NBP repress RANKL-induced osteoclastogenesis in vitro. (A) An illustration of NBP’s molecular structure. (B,C) Cell activity was determined by the CCK-8 assay following exposure to various concentrations of NBP on BMMS for 48 and 96 h. (D) Representative images of TRAcP demonstrated that NBP suppressed the osteoclastogenesis within 7 days of RANKL (50 ng/mL) stimulation (scale bar = 1000 µm). (E) The number of cells with positive TRAcP markers was quantitatively analyzed (nuclei ≥ 3). (F) Representative images of TRAcP revealed that NBP (20 µM) inhibited the process of osteoclastogenesis during specific time periods (scale bar = 1000 µm). (G) TRAcP+ cells in each well at different time points (nuclei ≥ 3). *p < 0.05, **p < 0.01, ***p < 0.001 relative to the 0 µM NBP. All data of the bar are presented as the mean ± SD (n = 3 per group).
FIGURE 2.
NBP attenuates podosome belt formation and osteoclasts resorption in vitro. (A) Representative images of NBP inhibition of podosome belt formation (scale bar = 1000 µm). (B) Quantification of the average area of osteoclast in different groups of osteoclasts. (C) Quantification of the number of nuclei in each group of osteoclasts. (D) Representative images of microscopic scans of bone slice (scale bar = 200 µm). (E) The resorbed area of bone slices was quantitatively analyzed. *p < 0.05, **p < 0.01, ***p < 0.001 relative to the 0 µM NBP. All data of the bar are presented as the mean ± SD (n = 3 per group).
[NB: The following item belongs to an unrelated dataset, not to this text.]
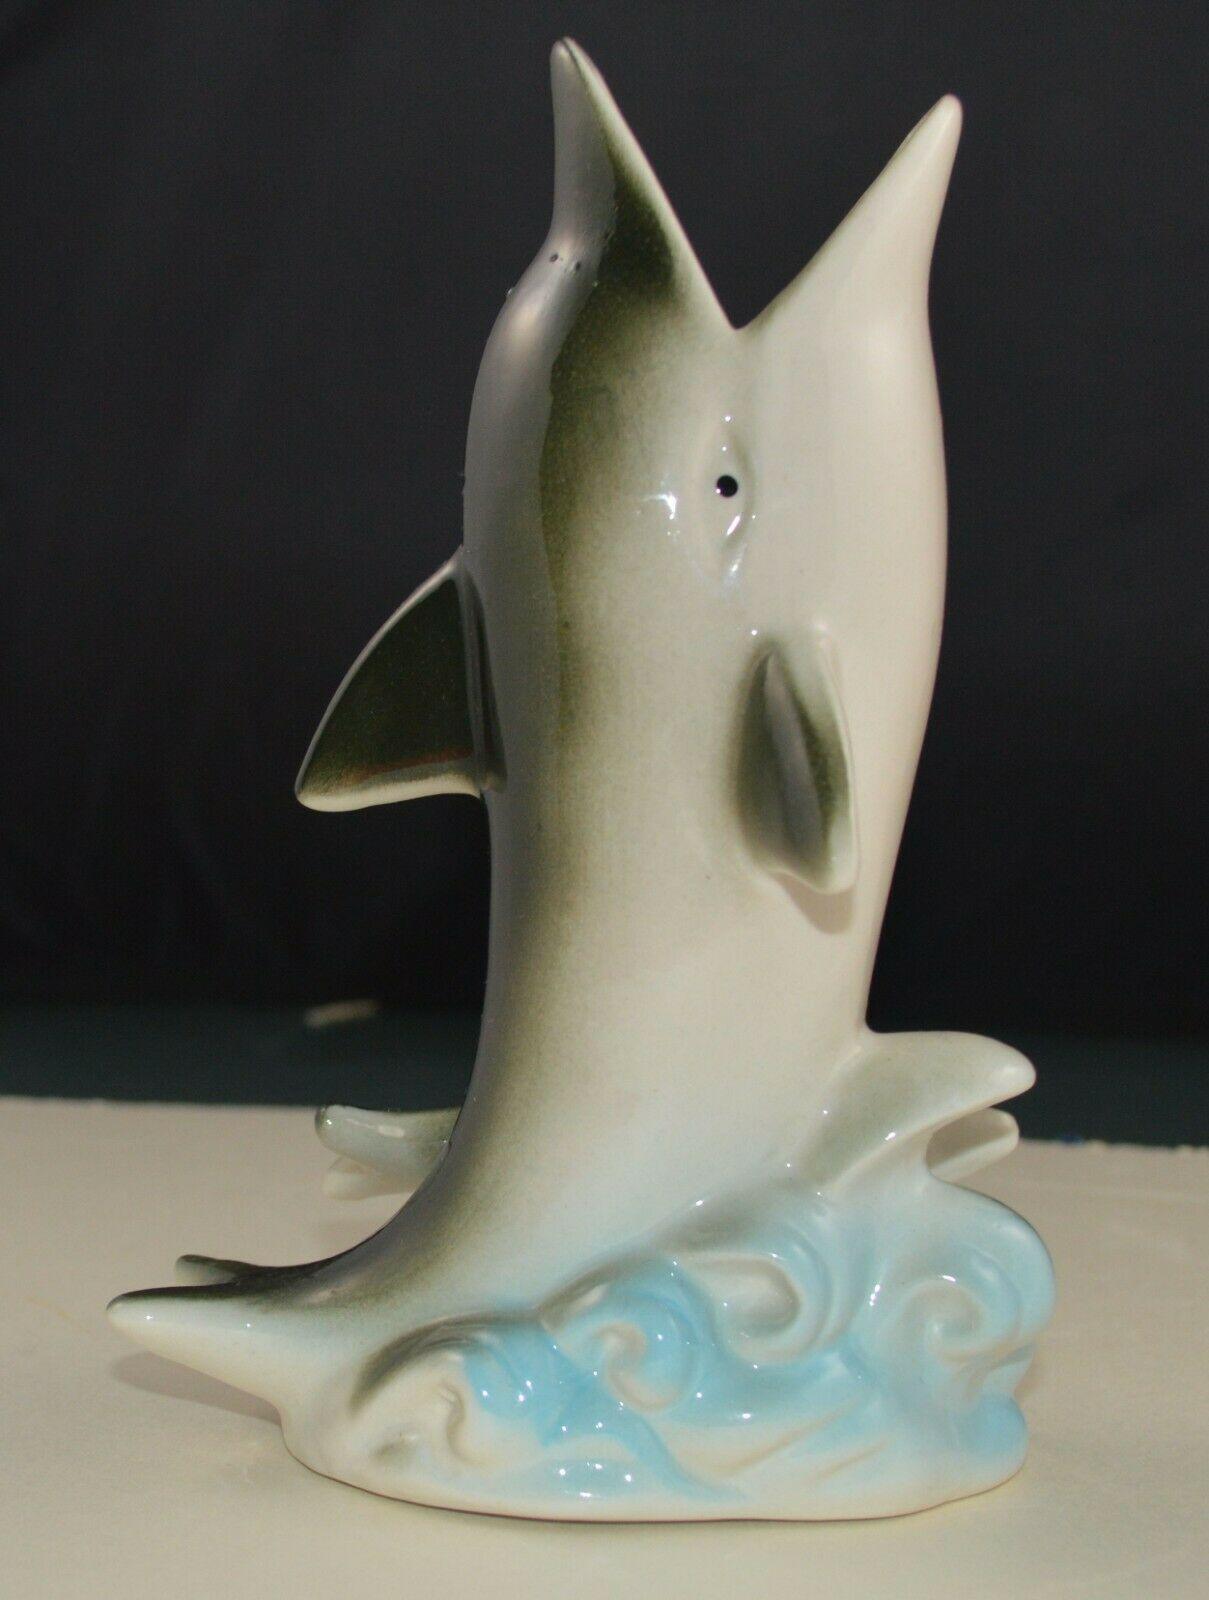 DOLPHIN ORNAMENT (PREVIOUSLY OWNED) GOOD CONDITION - TMD167207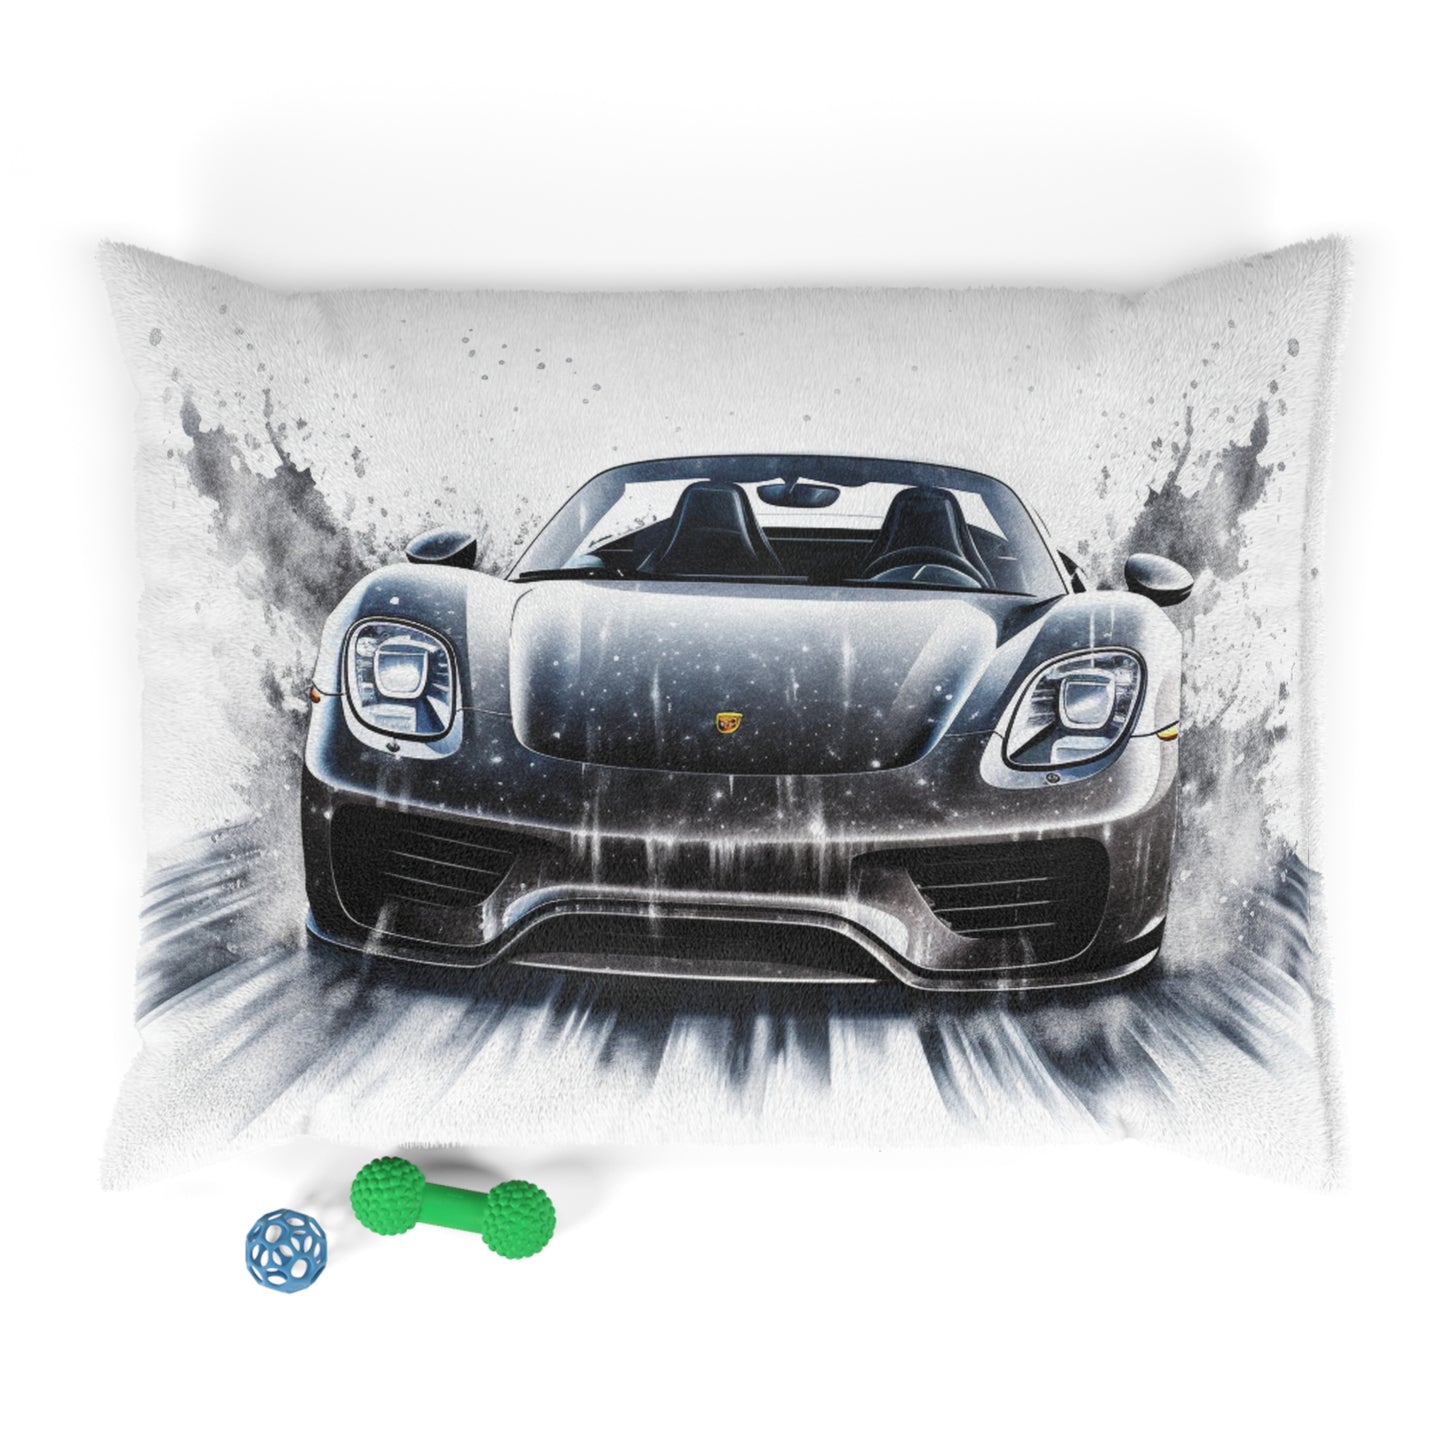 Pet Bed 918 Spyder white background driving fast with water splashing 3

3.2 NBP effectively reduces bone resorption function
BMMs were cultured on bone slices and exposed to various concentrations of NBP to observe the influence of NBP on the bone resorption function of osteoclasts. The resorption crater areas were then observed by electron microscopy. As the NBP concentration increased, the resorption pit areas on the bone slices gradually decreased (Figures 2D, E). Thus, NBP can effectively reduce osteoclast bone resorption ability in vitro.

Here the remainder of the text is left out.